=== Exercise requirements ===
Taking the data below, please print only the lines from the line holding "Community Reflections Mural" to the line holding "New Arrival Wholesale", inclusive, with pictures omitted.

=== Task inputs ===
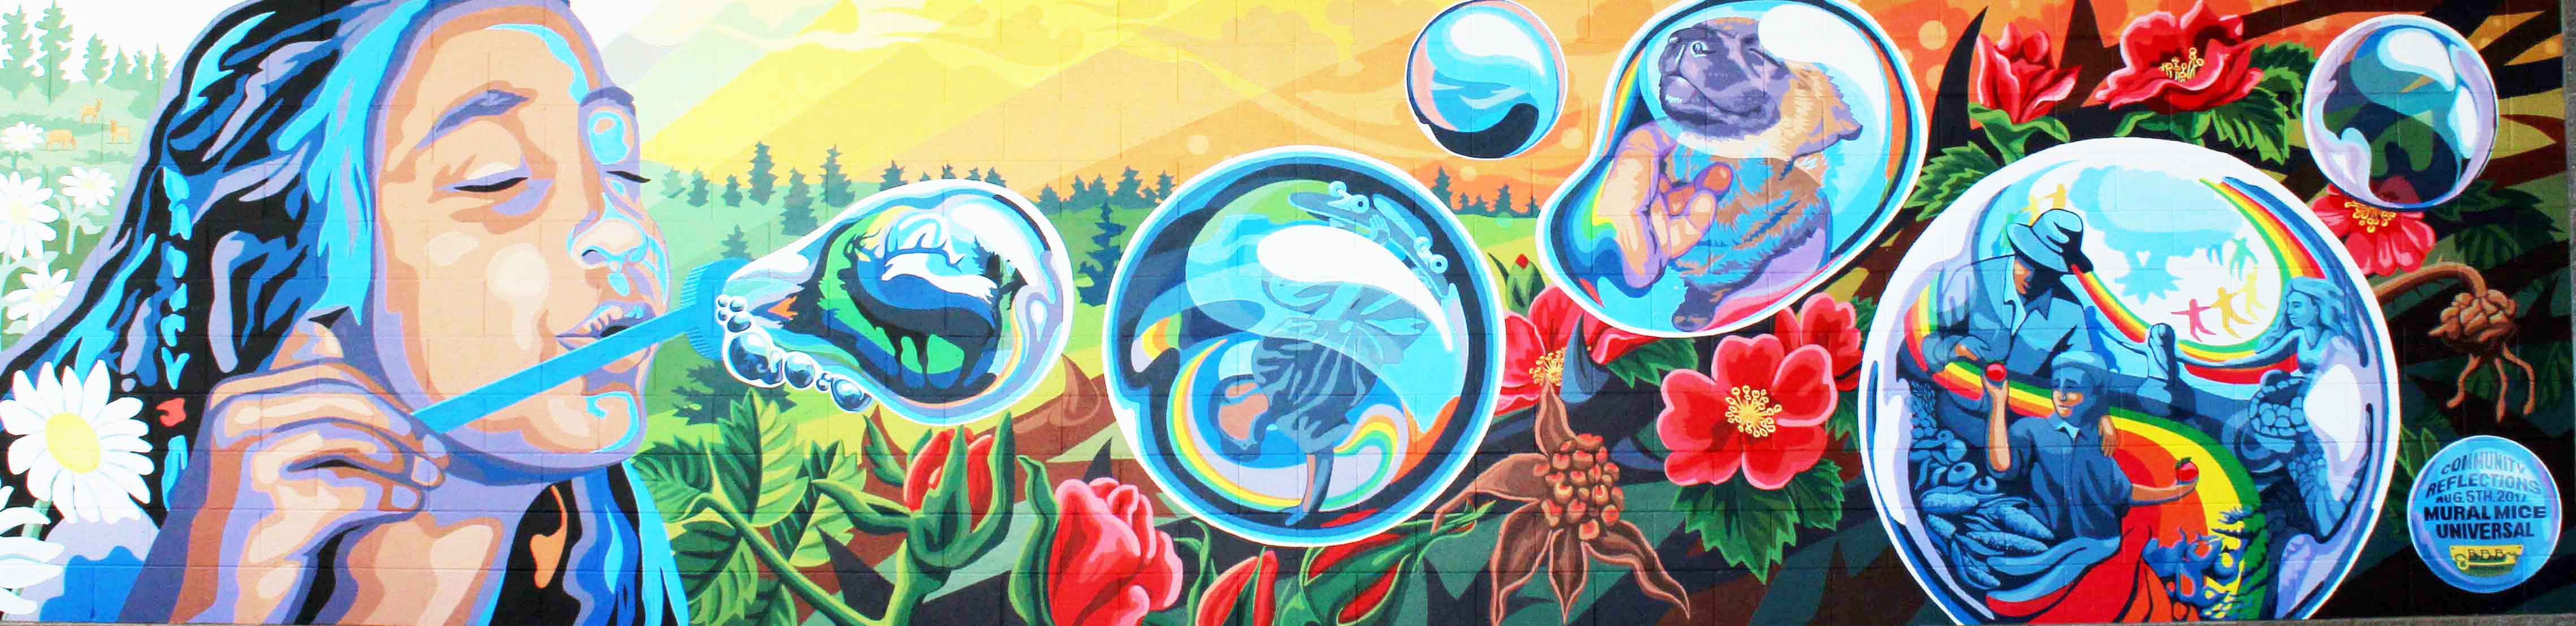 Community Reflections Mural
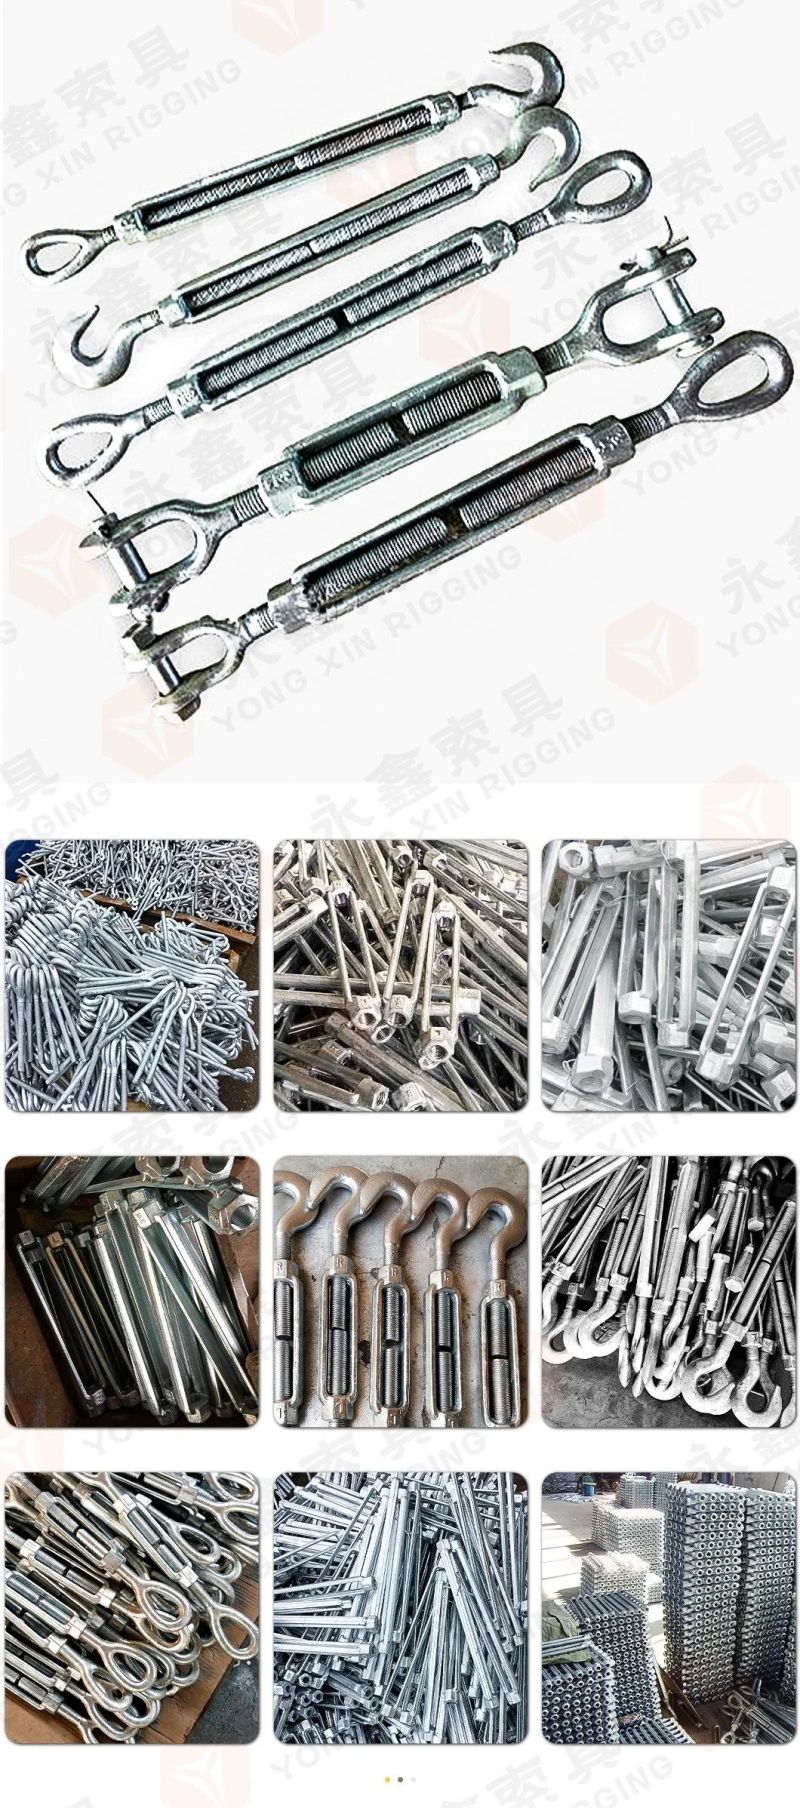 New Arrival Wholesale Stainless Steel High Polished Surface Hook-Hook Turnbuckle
==
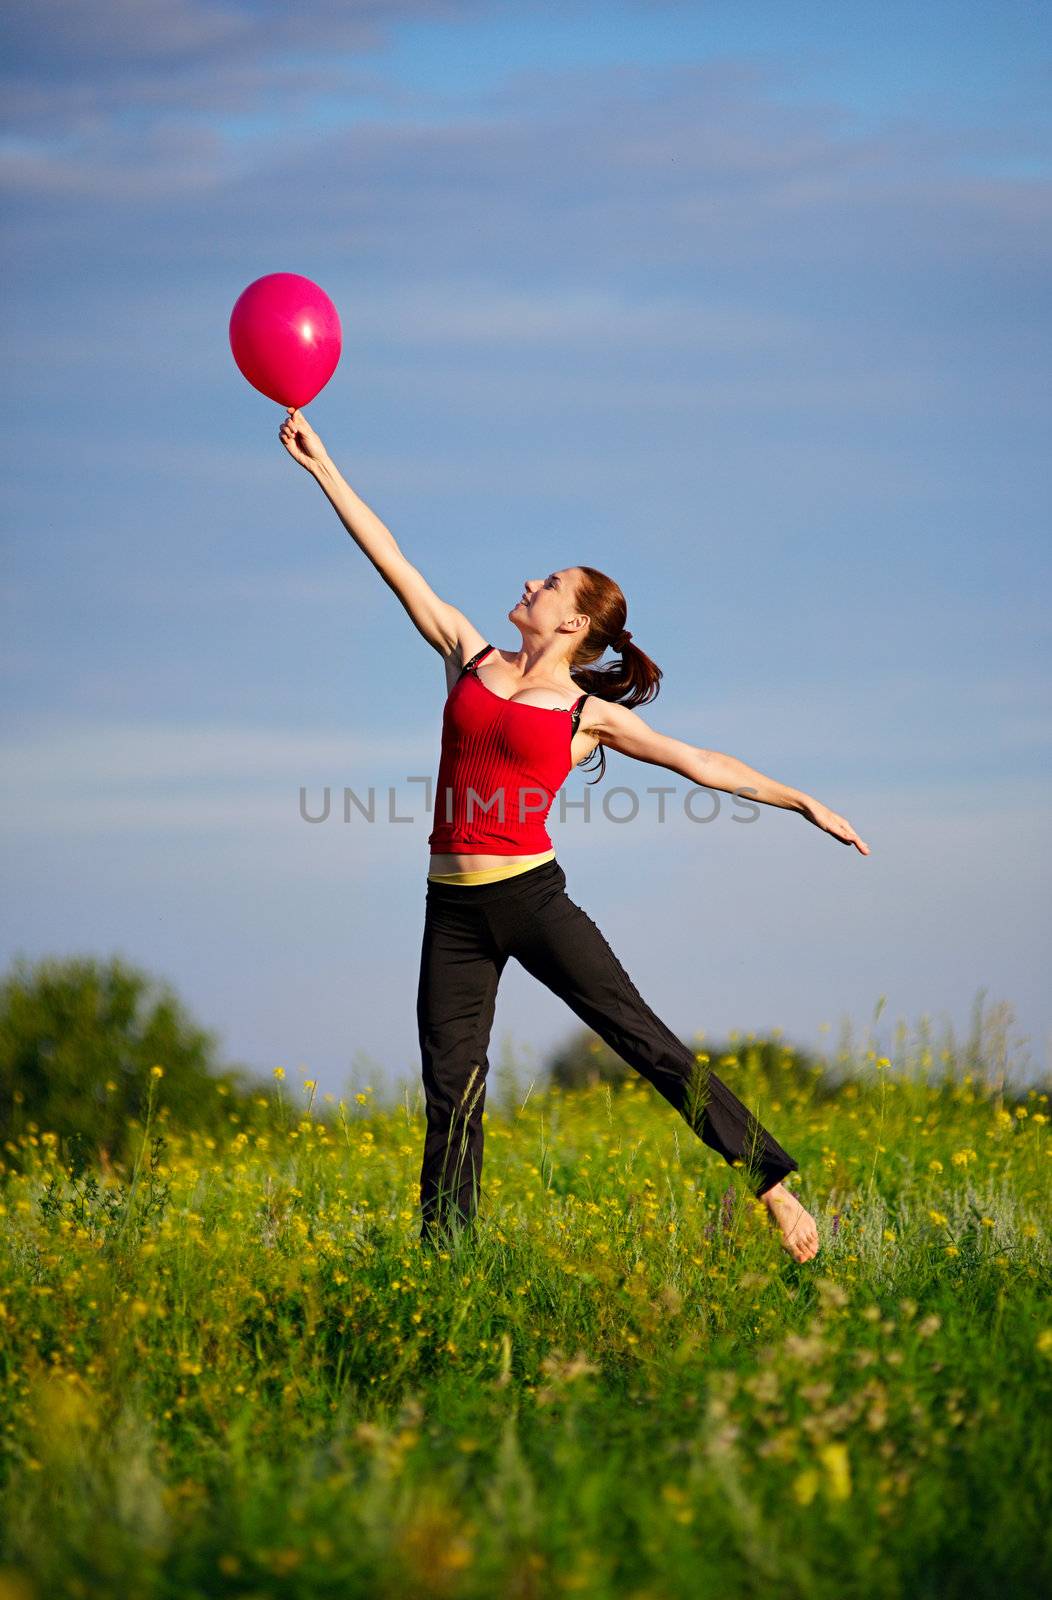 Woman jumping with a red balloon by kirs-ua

=== Result of the exercise ===
 Community Reflections Mural
 New Arrival Wholesale Stainless Steel High Polished Surface Hook-Hook Turnbuckle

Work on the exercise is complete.